# WHAT THE TASK REQUIRES
A word-for-word copy of the listing is required, and it must contain no pictures.

# COLLECTED DATA
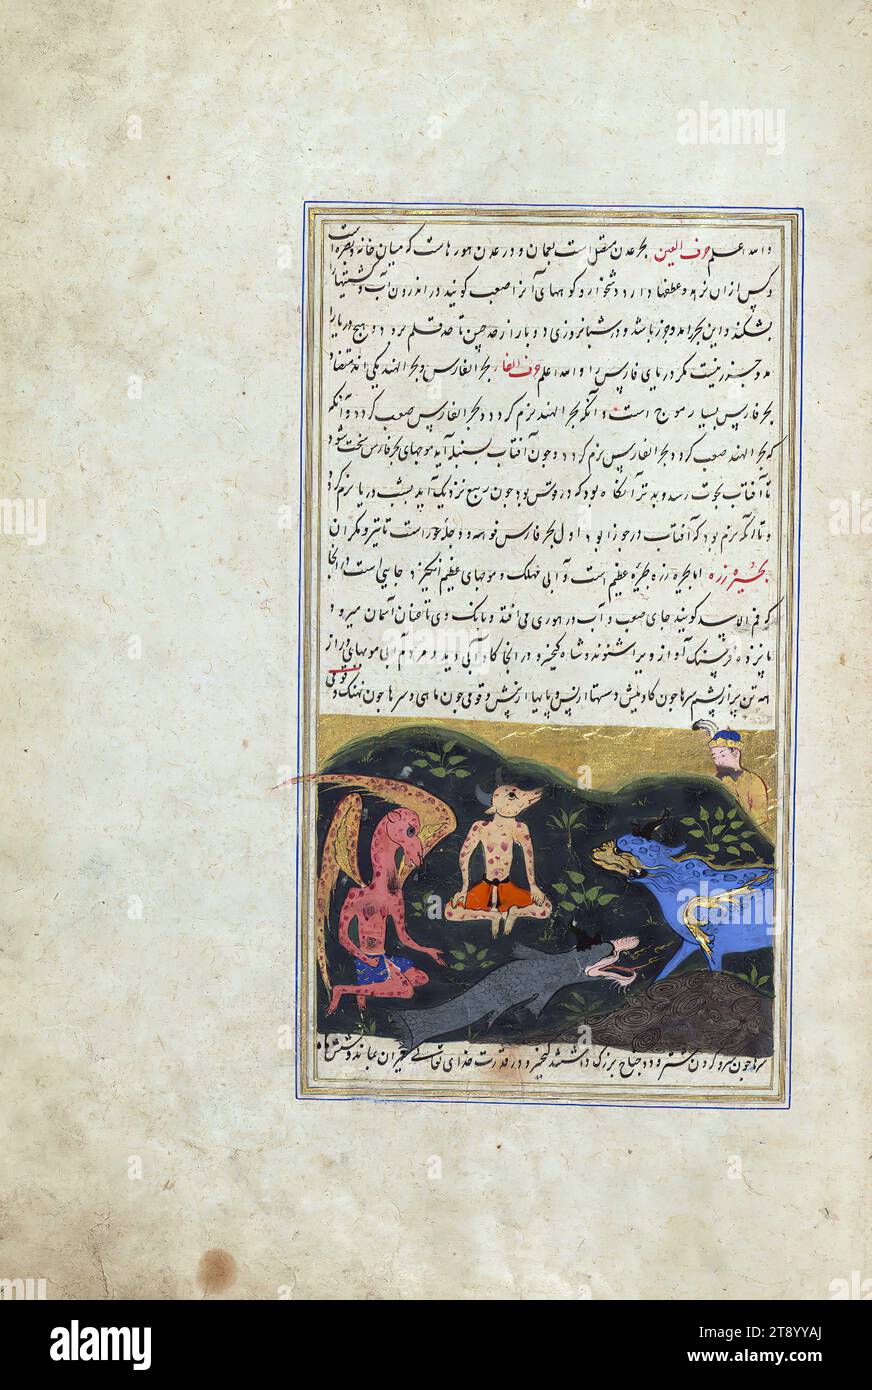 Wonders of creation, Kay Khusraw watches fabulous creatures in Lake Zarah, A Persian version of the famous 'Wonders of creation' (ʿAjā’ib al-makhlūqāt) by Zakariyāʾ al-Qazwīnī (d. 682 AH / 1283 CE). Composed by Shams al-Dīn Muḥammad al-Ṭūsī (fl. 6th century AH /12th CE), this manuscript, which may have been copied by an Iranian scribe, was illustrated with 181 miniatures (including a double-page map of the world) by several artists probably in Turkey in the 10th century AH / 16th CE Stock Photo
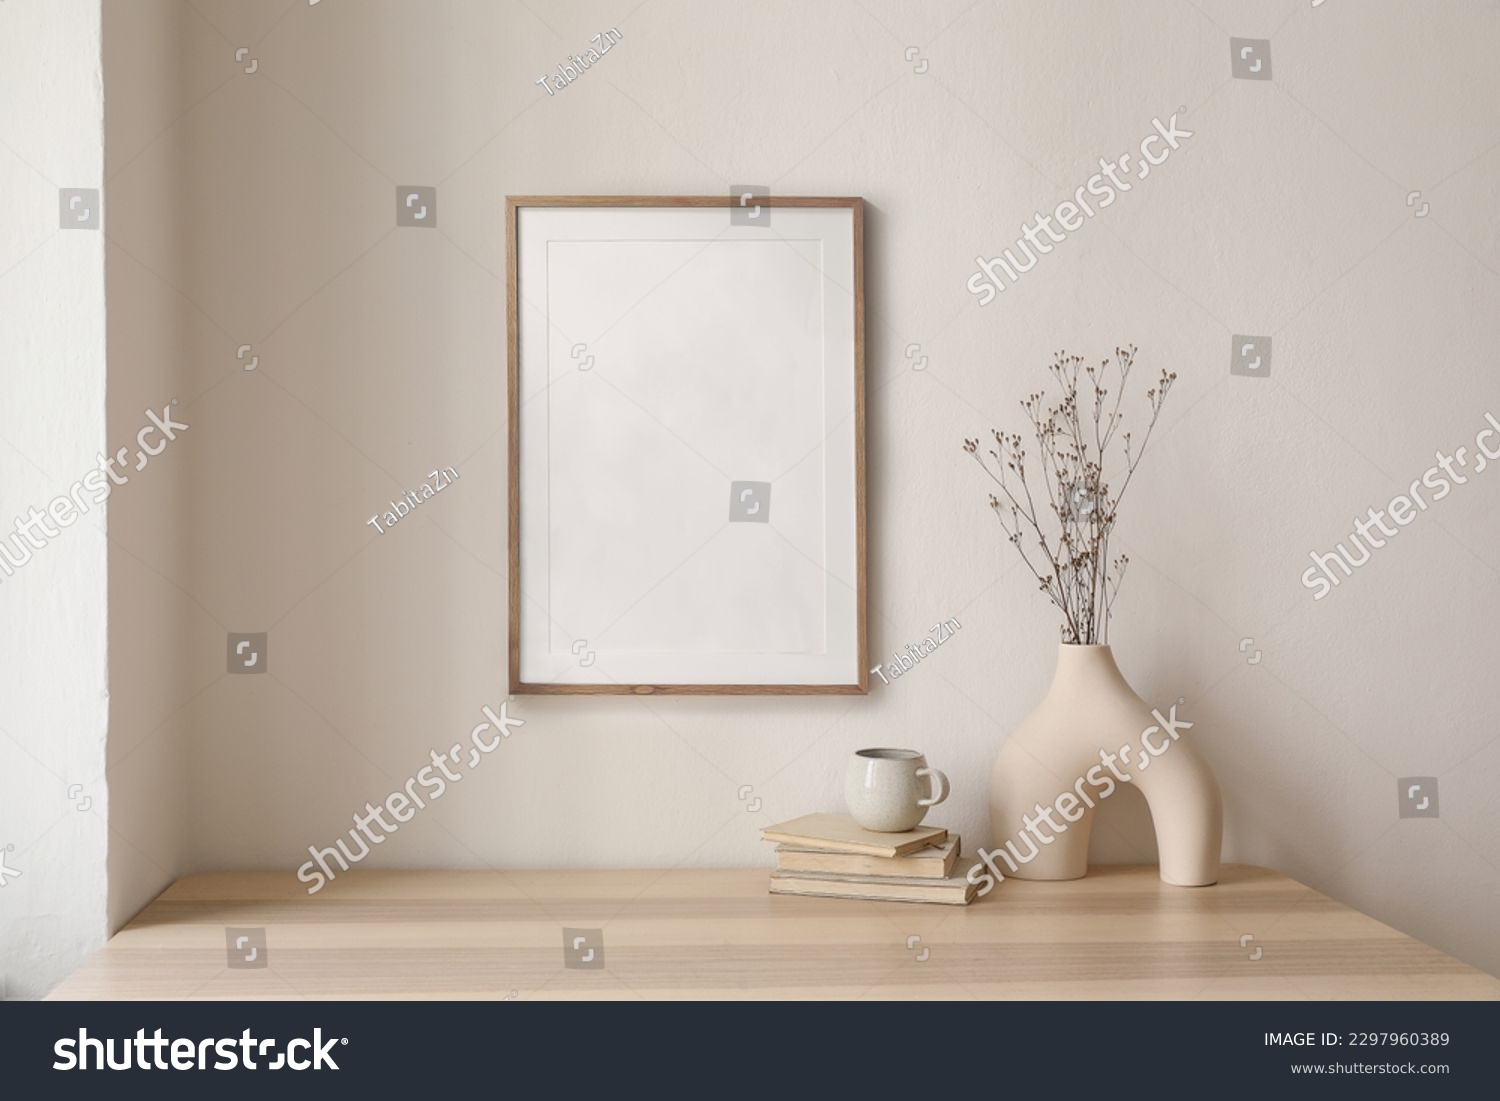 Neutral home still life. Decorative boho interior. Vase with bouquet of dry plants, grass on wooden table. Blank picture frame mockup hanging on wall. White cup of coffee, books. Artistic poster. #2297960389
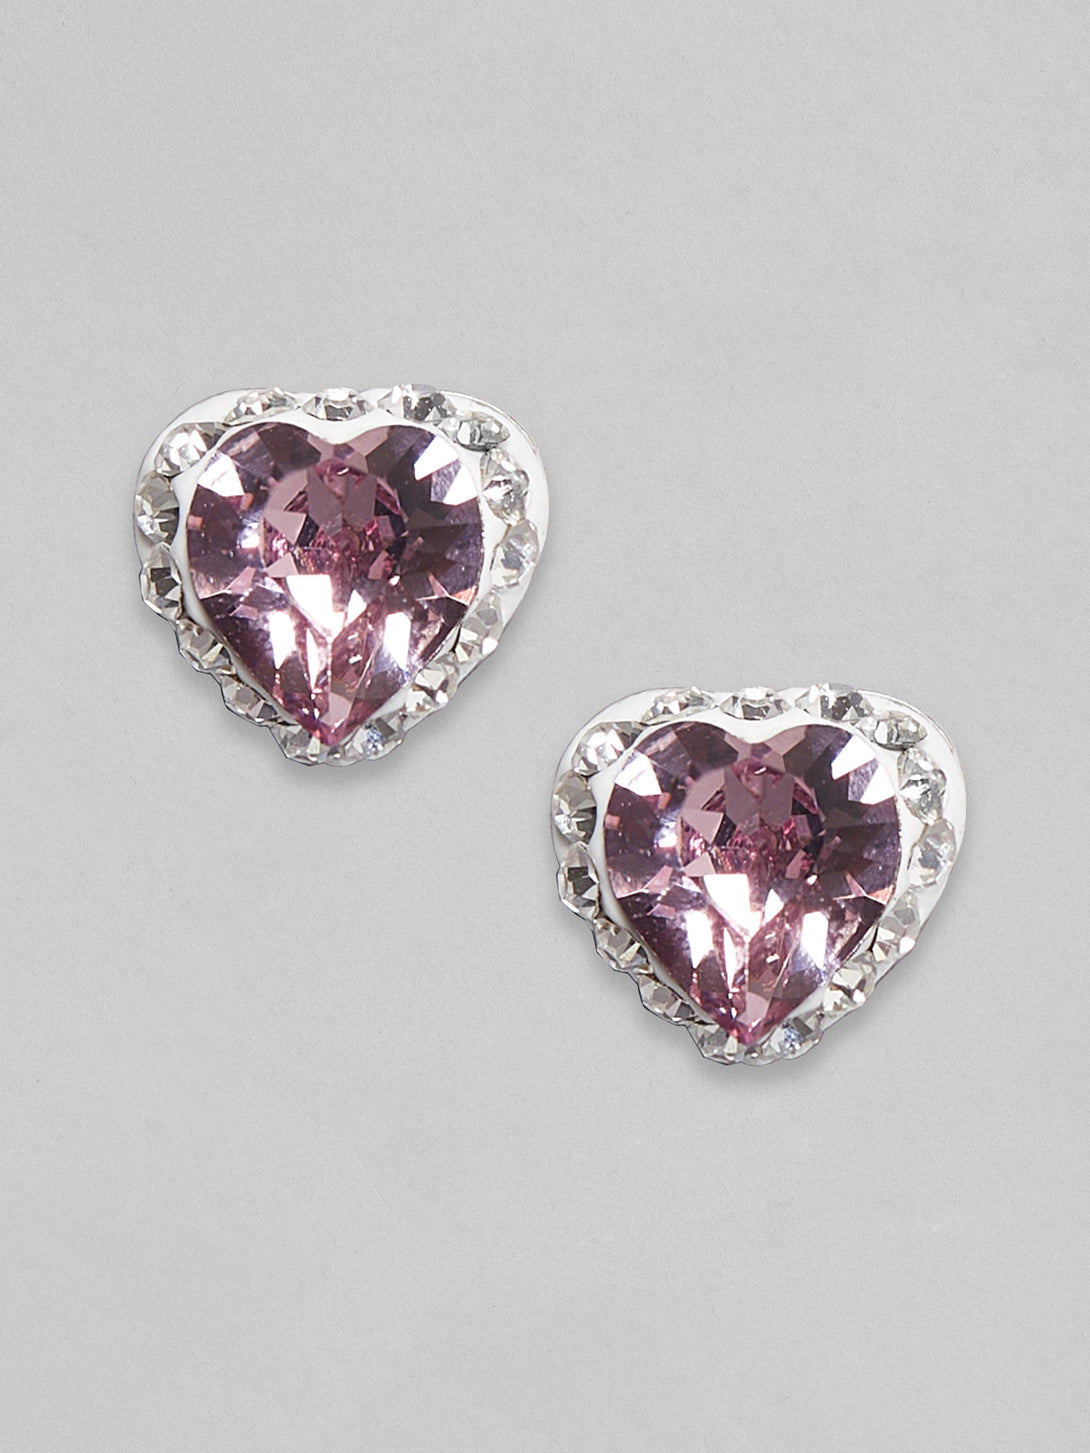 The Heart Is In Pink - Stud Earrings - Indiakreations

# SOLUTION TO THIS PROBLEM
 Wonders of creation, Kay Khusraw watches fabulous creatures in Lake Zarah, A Persian version of the famous 'Wonders of creation' (ʿAjā’ib al-makhlūqāt) by Zakariyāʾ al-Qazwīnī (d. 682 AH / 1283 CE). Composed by Shams al-Dīn Muḥammad al-Ṭūsī (fl. 6th century AH /12th CE), this manuscript, which may have been copied by an Iranian scribe, was illustrated with 181 miniatures (including a double-page map of the world) by several artists probably in Turkey in the 10th century AH / 16th CE Stock Photo
 Neutral home still life. Decorative boho interior. Vase with bouquet of dry plants, grass on wooden table. Blank picture frame mockup hanging on wall. White cup of coffee, books. Artistic poster. #2297960389
 The Heart Is In Pink - Stud Earrings - Indiakreations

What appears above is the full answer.